An introduction to pvpanic

April 5, 2022 | 10 minute read
Text Size 100%:

What is pvpanic

This blog entry explores a little known feature called pvpanic, which is a paravirtualized device emulated by QEMU and used by the guest OS to report to the VMM when it experiences a panic/crash. This mechanism allows a guest OS kernel to signal the hypervisor when it panics, before any crash dump is collected.

We will describe the behavior and settings required for a Linux guest.
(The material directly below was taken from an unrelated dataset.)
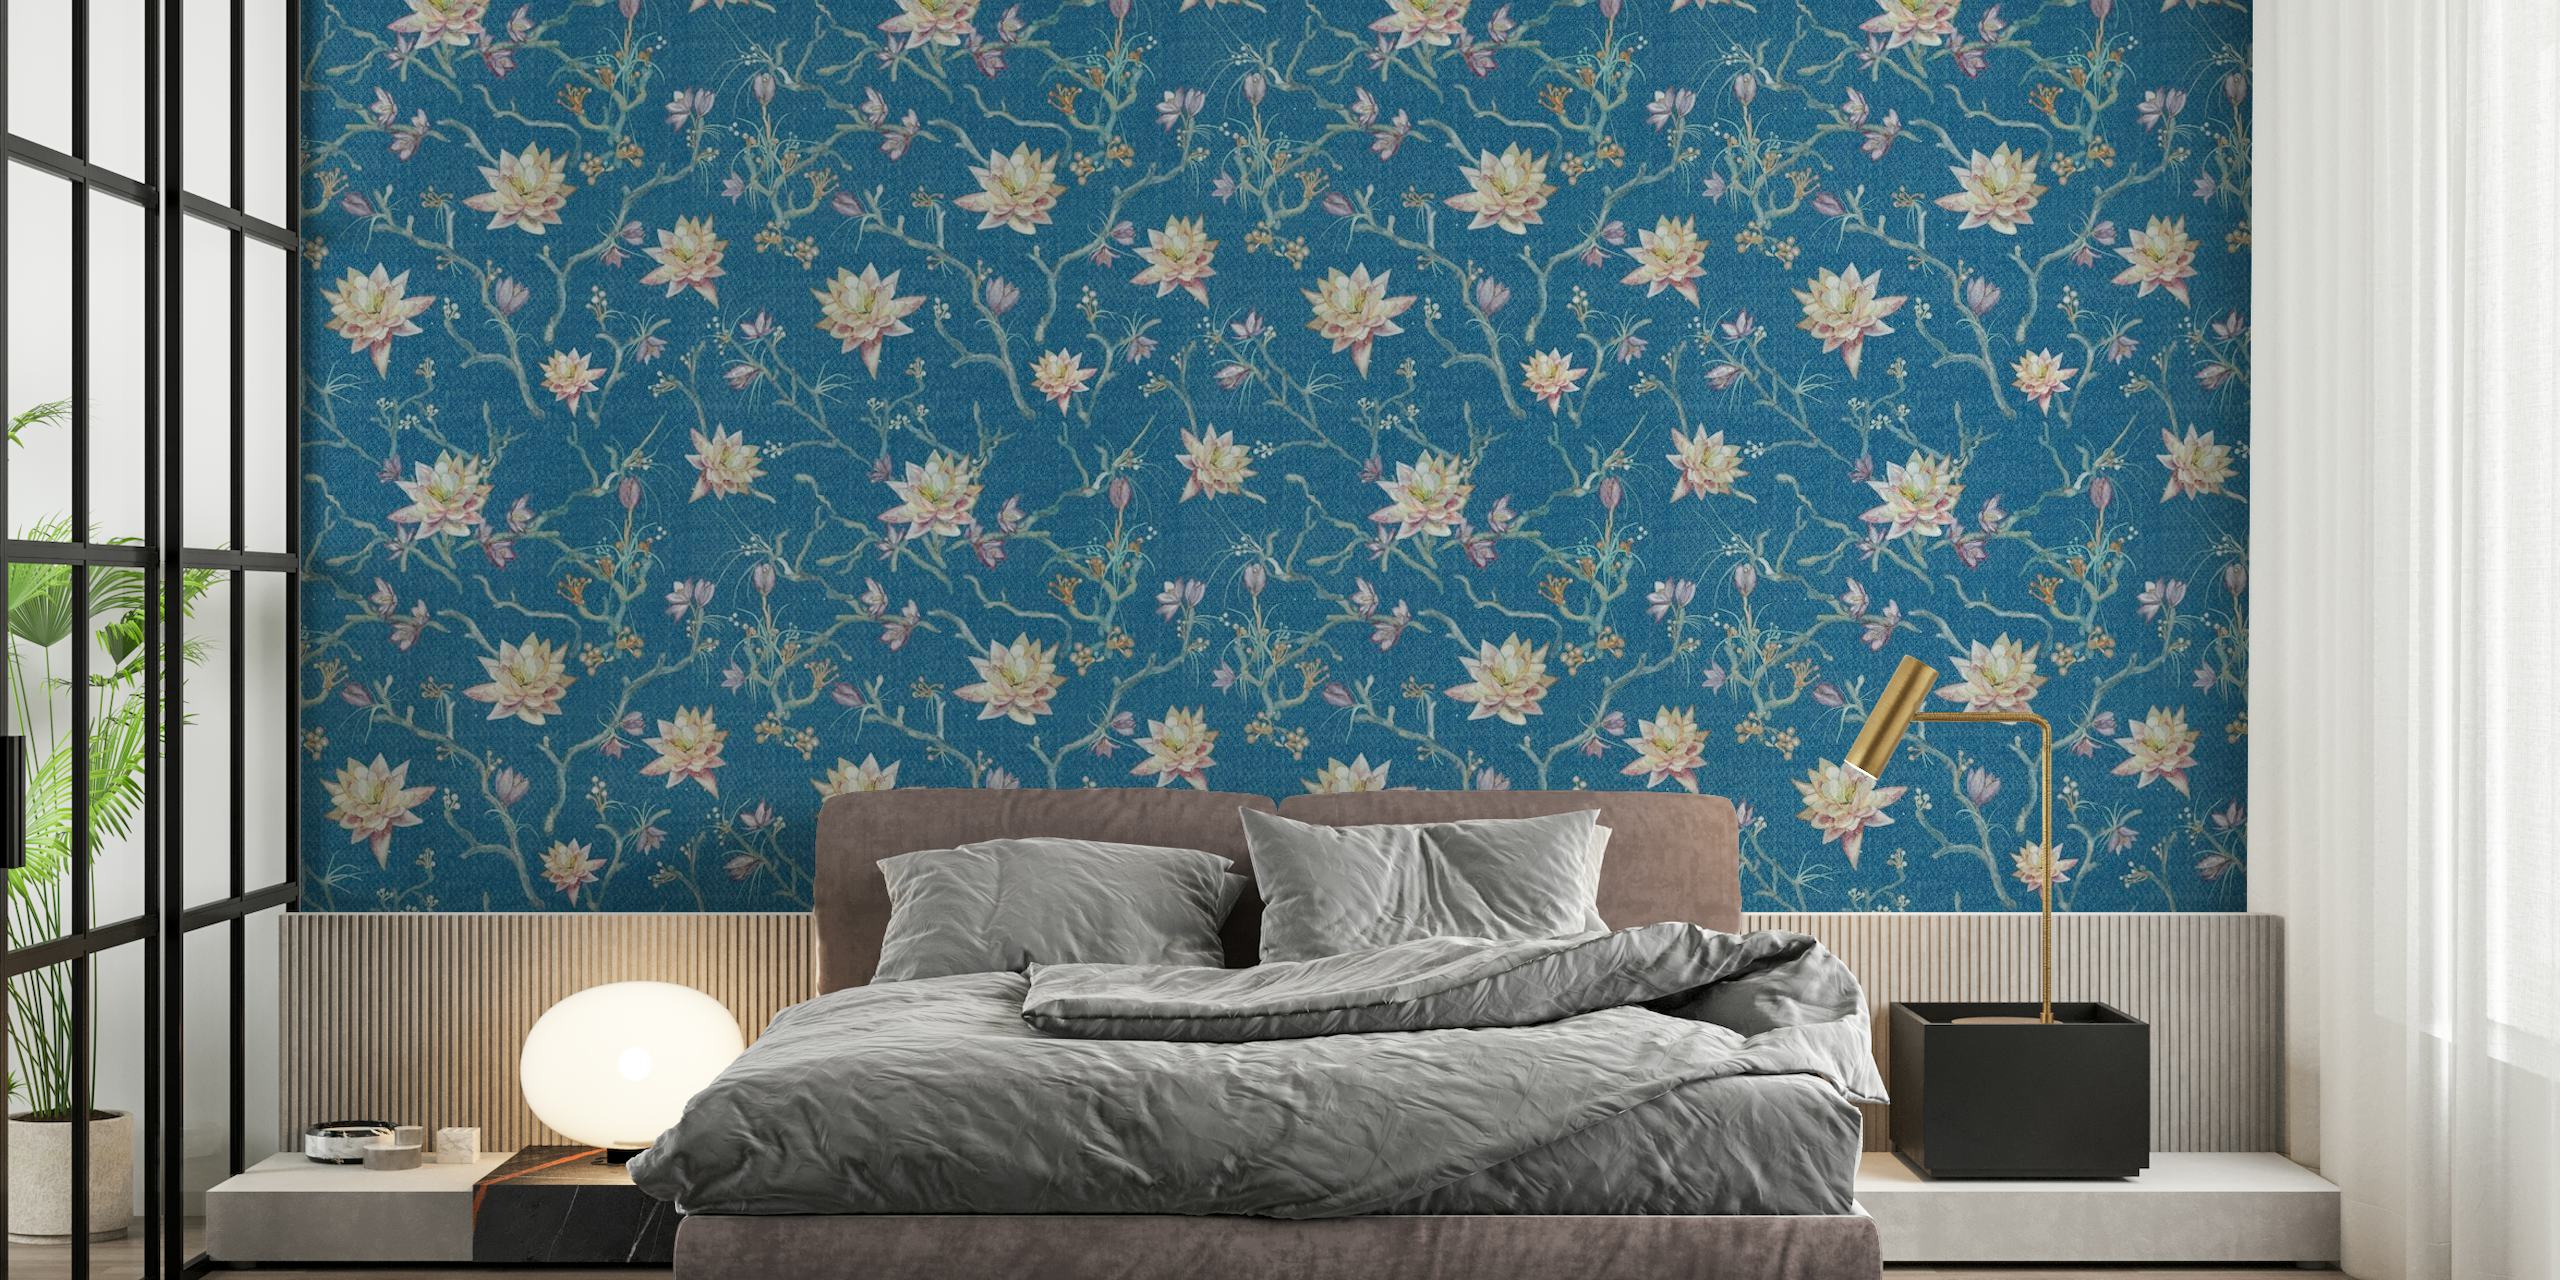 Papier peint mural Lotus de printemps avec fond bleu et fleurs de lotus en fleurs blanches

Windows guests show similar behavior in the majority of scenarios, but a separate blog entry will be dedicated to discuss the work needed to accomplish this.

How does pvpanic help

If you are a cloud operator (or run a particularly cool home lab), you will occasionally experience issues connecting to the Virtual Machines in your fleet. This can be caused by problems in your infrastructure like a hypervisor crash or network configuration issue, or it could be due to a guest OS level issue like a hang or a kernel panic. We can typically figure out exactly what happened by inspecting logs and checking the status of various services, but it might take some time before either the customer or the operator notices that something has gone wrong.
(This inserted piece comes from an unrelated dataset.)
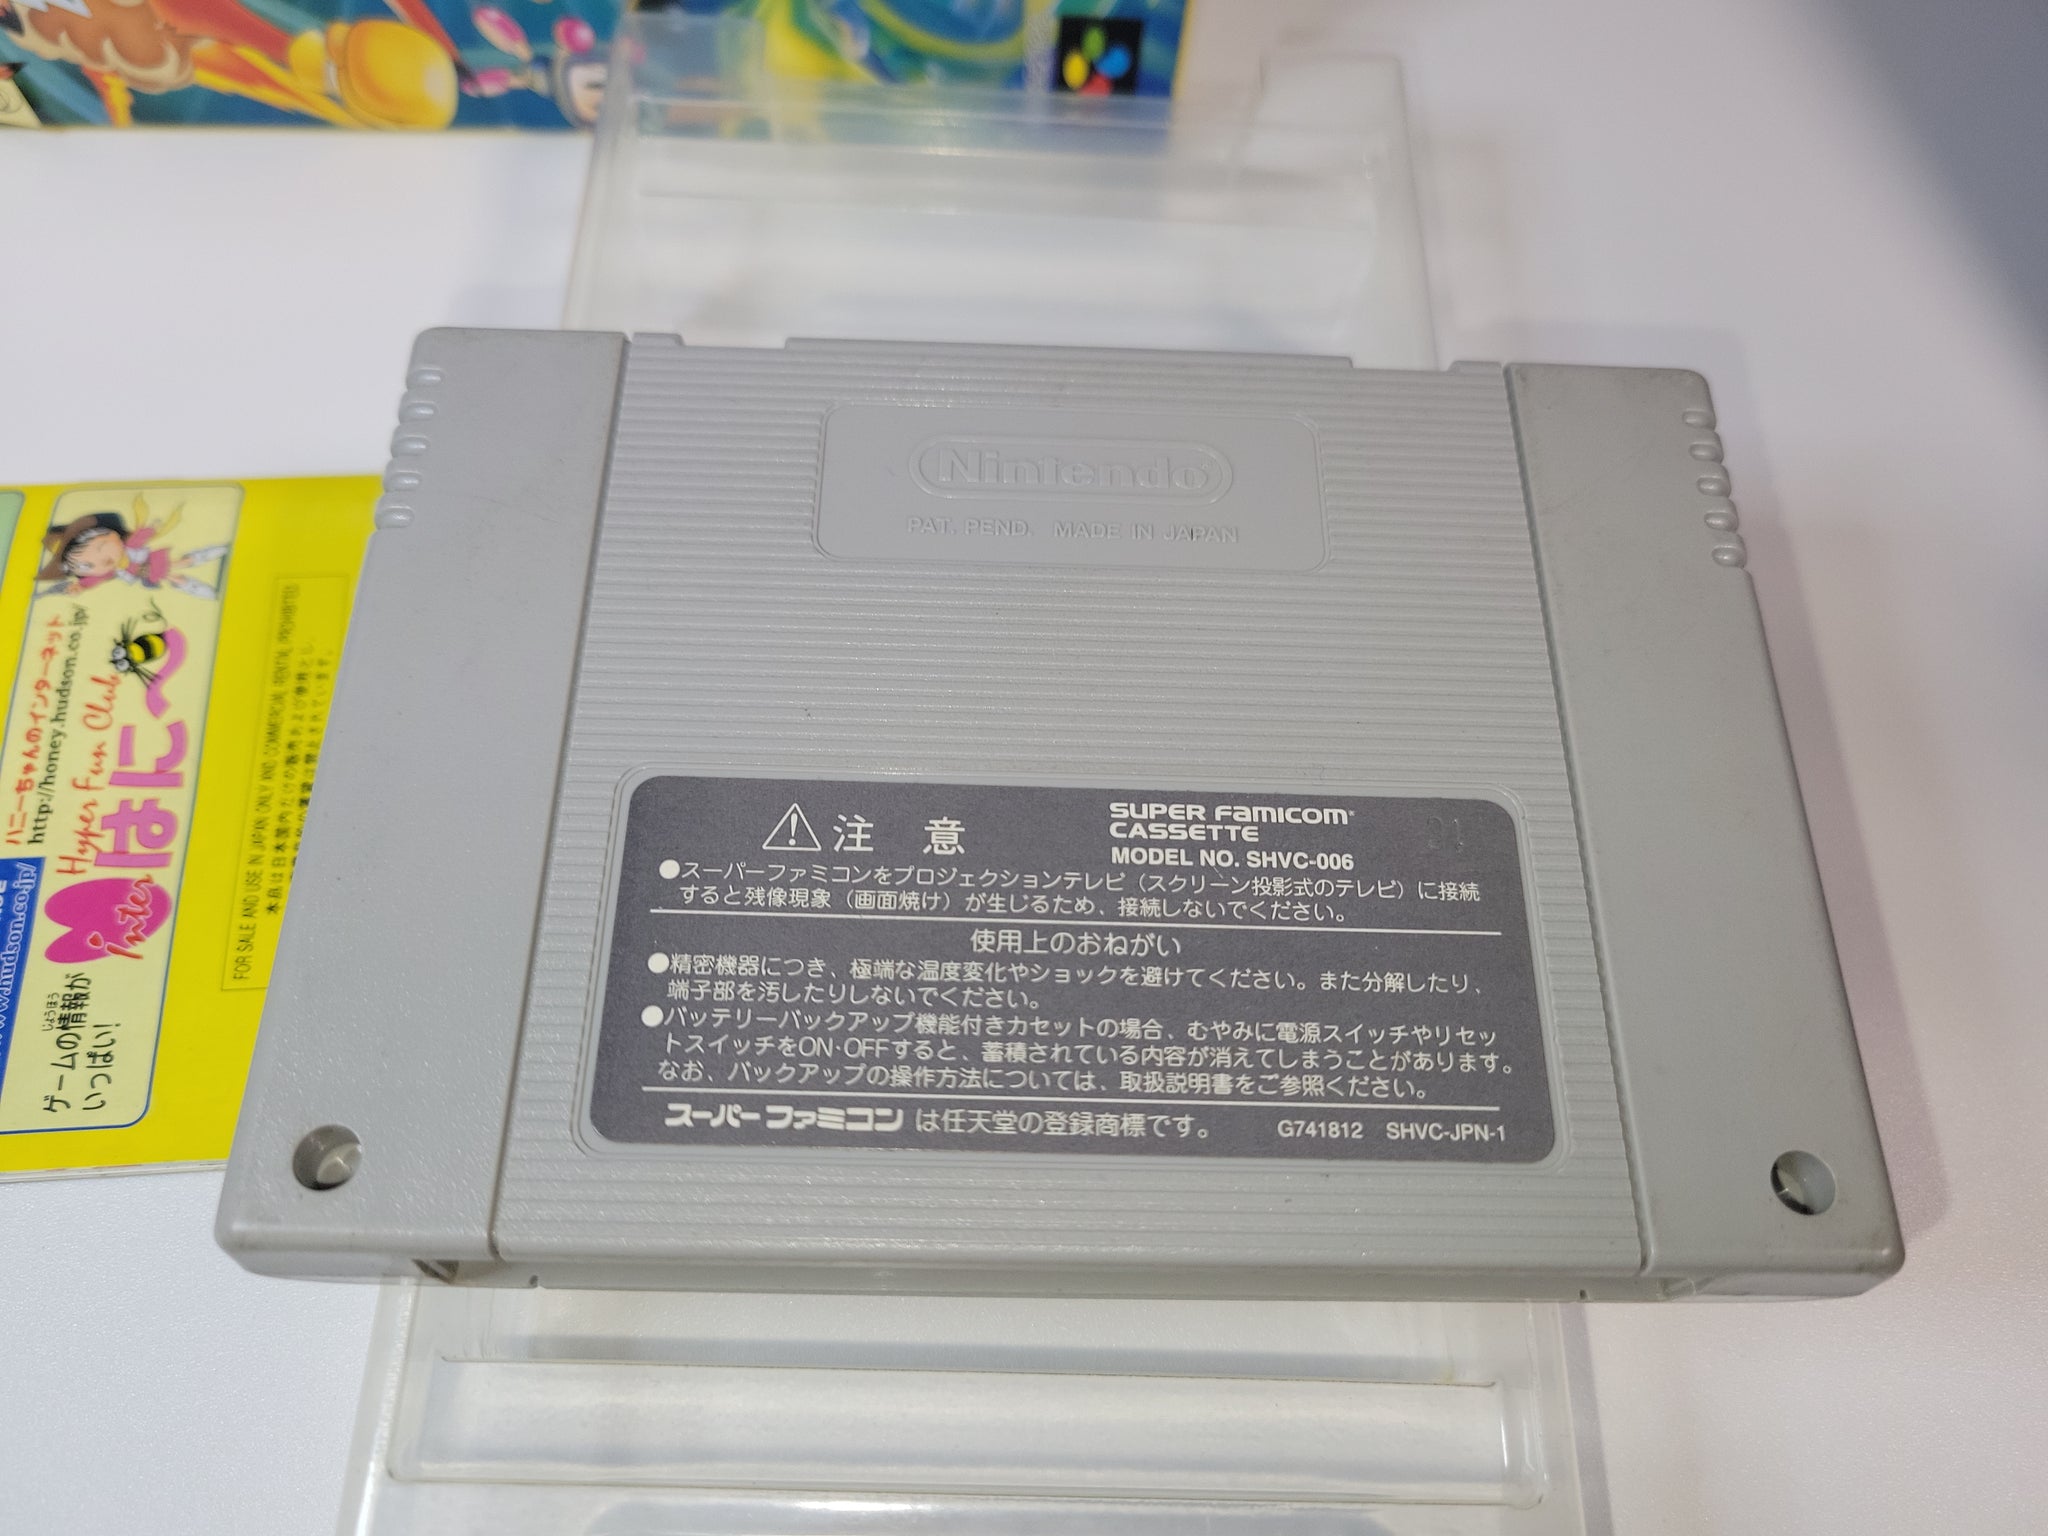 Super Bomberman 5 - Nintendo Sfc Super Famicom – The Emporium

A cloud operator using QEMU will usually have a monitoring service on the hypervisor listening for QMP events. If a pvpanic event is received, this provides a clear and immediate signal that there is a problem originating at the guest OS level: the guest kernel has experienced a panic. Depending on the event received, it also tells us whether or not a crash dump will be attempted.

From a fleet management perspective, pvpanic provides us with the ability to categorize and root cause unresponsive instances. It helps determine when the instance is down due to a guest level issue, as opposed to an infrastructure (e.g. hypervisor crash) problem, and that information can be used to update metrics and/or alert a customer that their instance has suffered a guest level issue and requires corrective action.

It is important to keep in mind that pvpanic functionality in Linux is limited to notifying the VMM (QEMU in this case) that a panic has occurred in the guest; no additional data is provided to the VMM. This is why pvpanic is normally used in conjunction with the -no-shutdown option in QEMU, or the equivalent -action shutdown=pause, which ensures that the QEMU process does not terminate and makes it possible to collect relevant debugging data like the register state or a memory dump for further analysis.

How to use pvpanic

There are two versions of the pvpanic device, the original which is implemented as an emulated ISA device (-device pvpanic), and a more recent one that is implemented as a PCI device (-device pvpanic-pci). The PCI version was required in order to use pvpanic on Arm instances which do not have support for ISA devices.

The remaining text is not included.